The next day, our last full day, was sunday. We decided to go to the church across from the temple and after sacrament go to the visitors center to check things out. We talked to a sister missionary there for a while and found out that she speaks French and that they always try to have Sister missionary at the visitors center that speaks french or german because they have so many tour buses of people who speak that language come buy and want to see what the temple is all about. I thought that was pretty cool. After that we went to all of the church history sights that were around including the tabernacle, Brigham Young's Winter home, and Jacob Hamblin's home.  It was interesting to learn more about where the city got its name from and also a little bit of the history of the first settlers in the area. We then finished the night off at Texas Road House (the only place baby girl wanted to eat :P) and just relaxed at the pool and hotel room the rest of the night.




It was a very fun getaway, which we were so grateful to be able to go on! (Thanks family and especially mom for watching Sawyer even though you had back pain!) We loved every moment of it, but we did miss our little man and couldn't wait to see him again.
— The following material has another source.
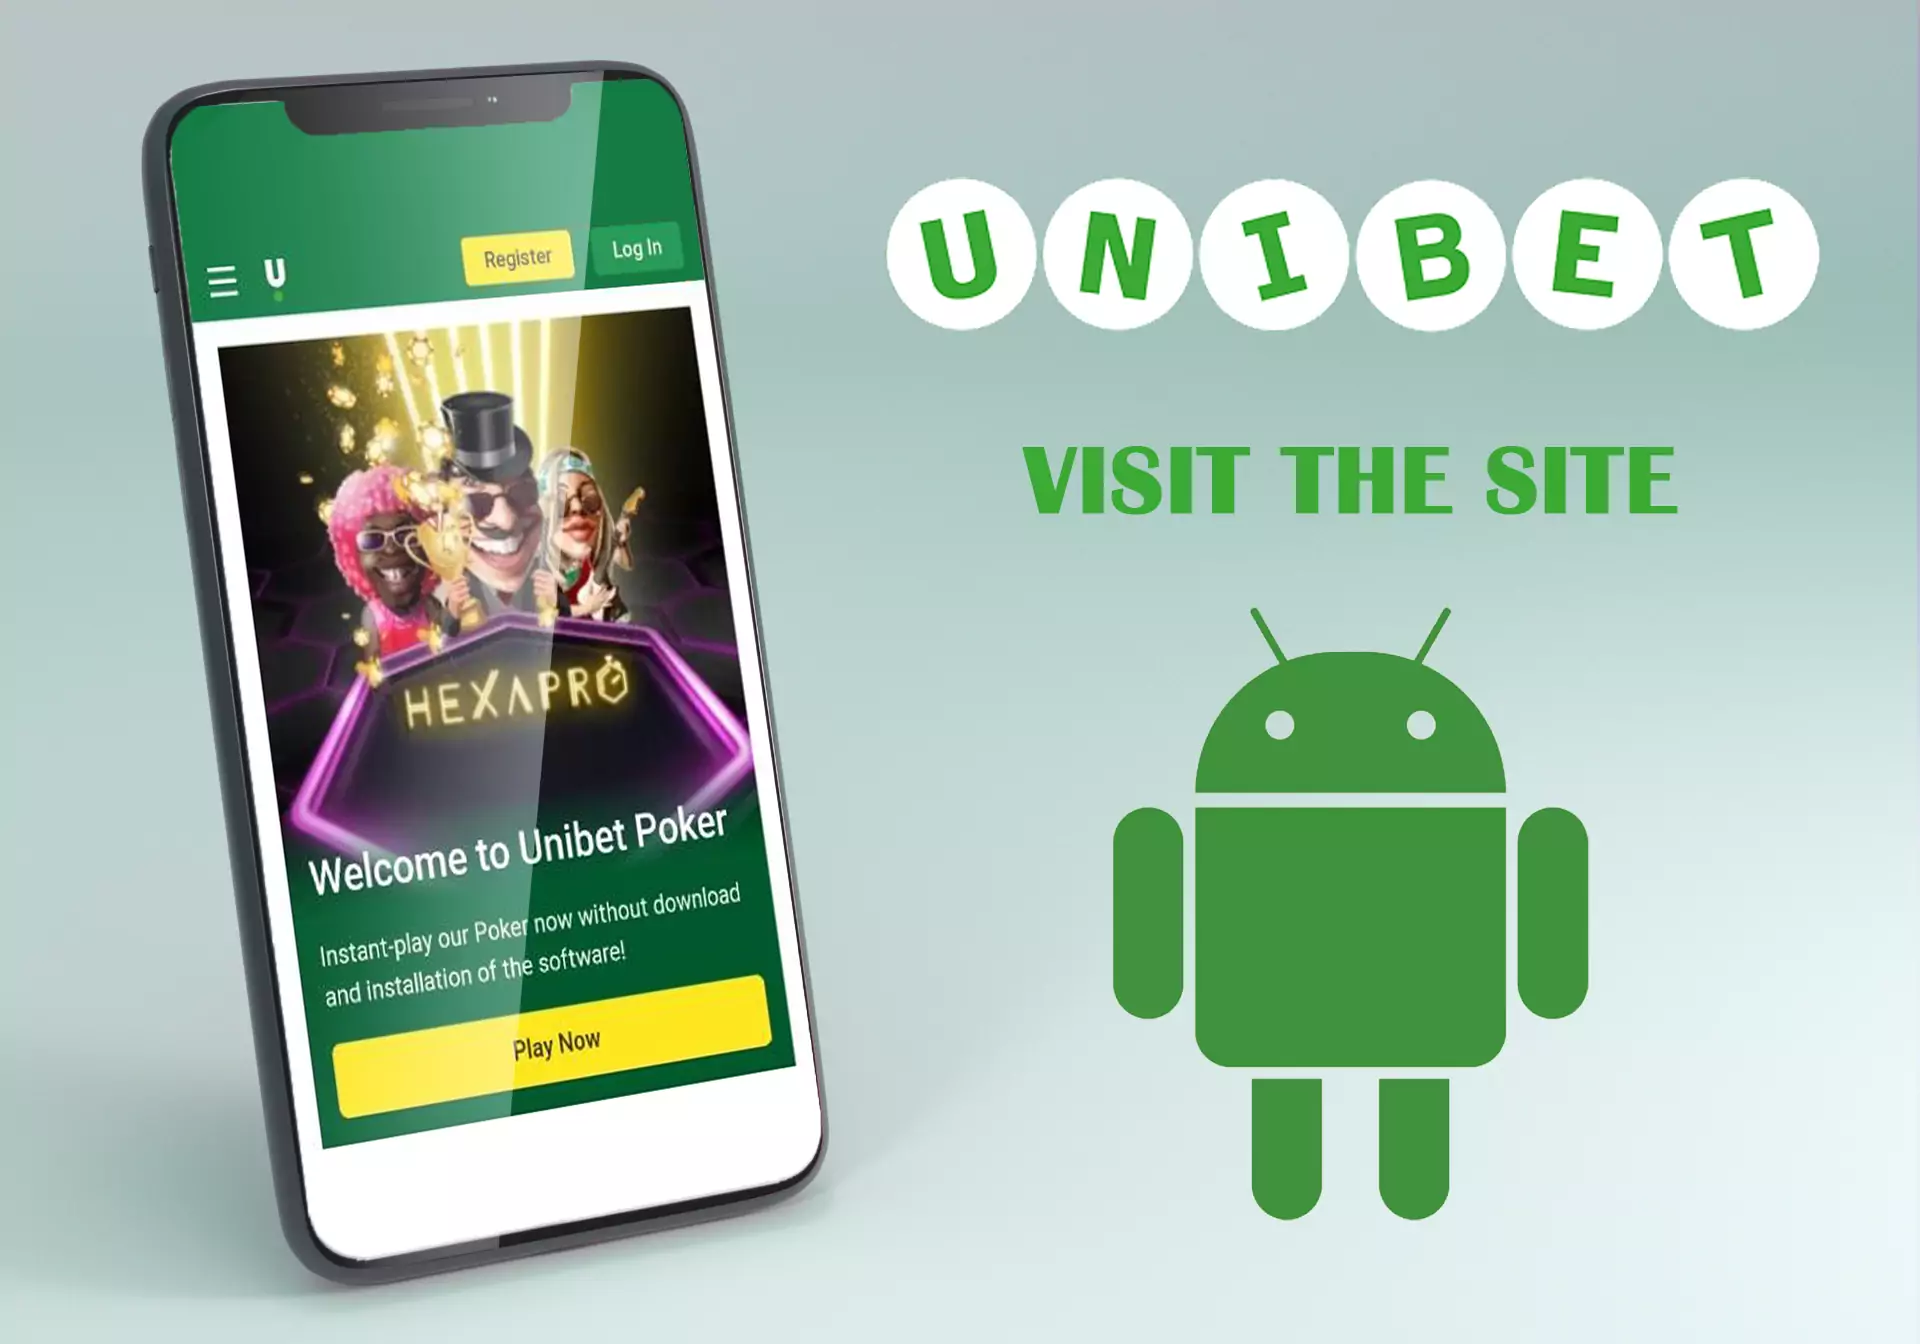 Open the official website of Unibet.

Going on a vacation was seriously the best thing for us because we finally felt like going home and being a family again! 





Tuesday, July 29, 2014

There Are Ups... And There are Downs

It's that day. It's pretty much a living nightmare scratching, screaming, clawing, pinching, kicking, crying, hitting and wailing at you. So you put it in it's room, in the crib so it can't escape and shut the door. Then you find yourself in the closet, bathroom end of the hall or stairs crying. Crying hysterically because you don't know what to do and you have had it.


Lets face it, motherhood has so many joys and fun moments, but it also has the utmost worst moments of our lives as well. I have made a lot of mistakes in my life and I have had my share of trials, but sometimes I have to say some of the moments I have had with my child has brought me to my knees, or more like fetal position on the ground. If you say you don't have this problem in life then I am going to say one of three things to you. One, you are lying. Two, your child isn't real, its a doll, you should probably go get that checked (that or you don't have kids). Three, you must have it made in heaven, what are you doing because I want to go too?!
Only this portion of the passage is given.